Except that we don’t—can’t—do it by pure armchair thought, which is what the recursive self-improvement proposal amounts to.
The approach of testing a new version in a sandbox had occurred to me, and I agree it is a very promising one for many things—but recursive self-improvement isn’t among them! Consider, what’s the primary capability for which version N+1 is being tested? Why, the ability to create version N+2… which involves testing N+2… which involves creating N+3… etc.
Again, there’s enough correlation between ability to perform certain tasks that you don’t need an infinite recursion. To test AIv(N+1)‘s ability to program to exact specification, instead of having it program AIv(N+2) have it instead program some other things that AIvN finds difficult (but whose solutions are within AIvN’s power to verify). That we will be applying AIv(N+1)’s precision programming to itself doesn’t mean we can’t test it on non-recursive data first.

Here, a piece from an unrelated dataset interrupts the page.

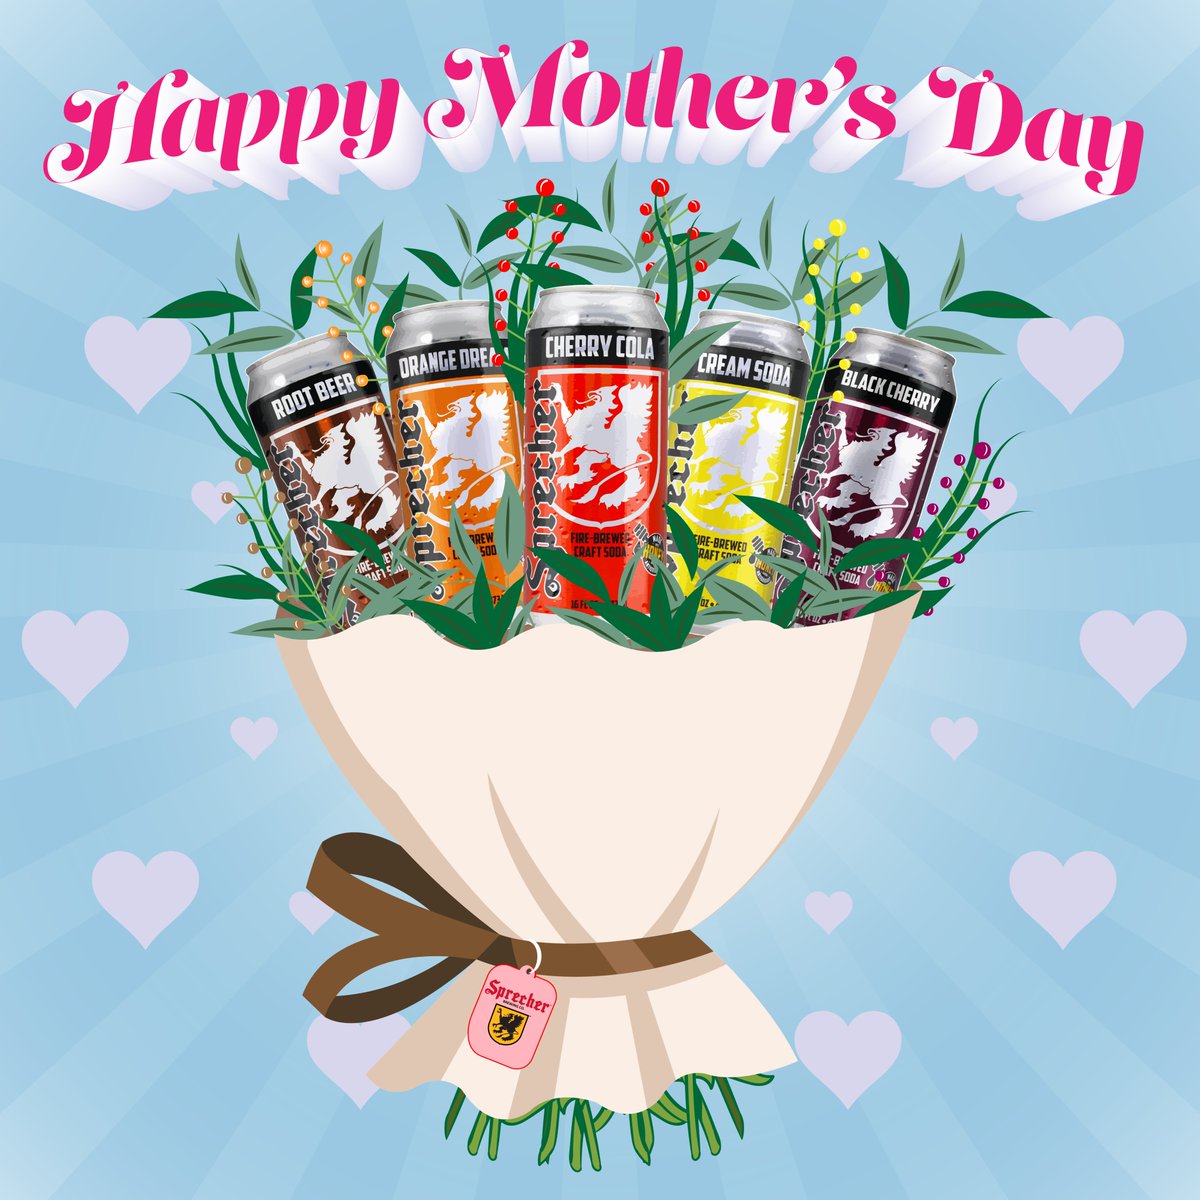 💐 Cheers to all the moms out there who make life sweet - Happy Mother's Day!

ETA: Of course, since we want the end result to be a superintelligence, AIvN might also ask AIv(N+1) for verifiable insight into an array of puzzling questions, some of which AIvN can’t figure out but suspects are tractable with increased intelligence.
If you observed something to work 15 times, how do you know that it’ll work 16th time? You obtain a model of increasing precision with each test, that lets you predict what happens next, on a test you haven’t performed yet. The same way, you can try to predict what happens on the first try, before any observations took place.
Another point is that testing can be a part of the final product: instead of building a working gizmo, you build a generic self-testing adaptive gizmo that finds the right parameters itself, and that is pre-designed to do that in the most optimal way.
Unfortunately there are three fundamental problems, any one of which would suffice to make this approach unworkable even in principle.
Keep the bolded context in mind.
What constitutes an improvement is not merely a property of the program, but also a property of the world. Even if an AI program could find improvements, it could not distinguish them from bugs.
There are large classes of problem for which this is not the case. For example, “make accurate predictions about future sensory data based on past sensory data” relates program to world, but optimizing for this task is a property of the time, memory, and accuracy trade-offs involved. At the very least, your objection fails to apply “even in principle”.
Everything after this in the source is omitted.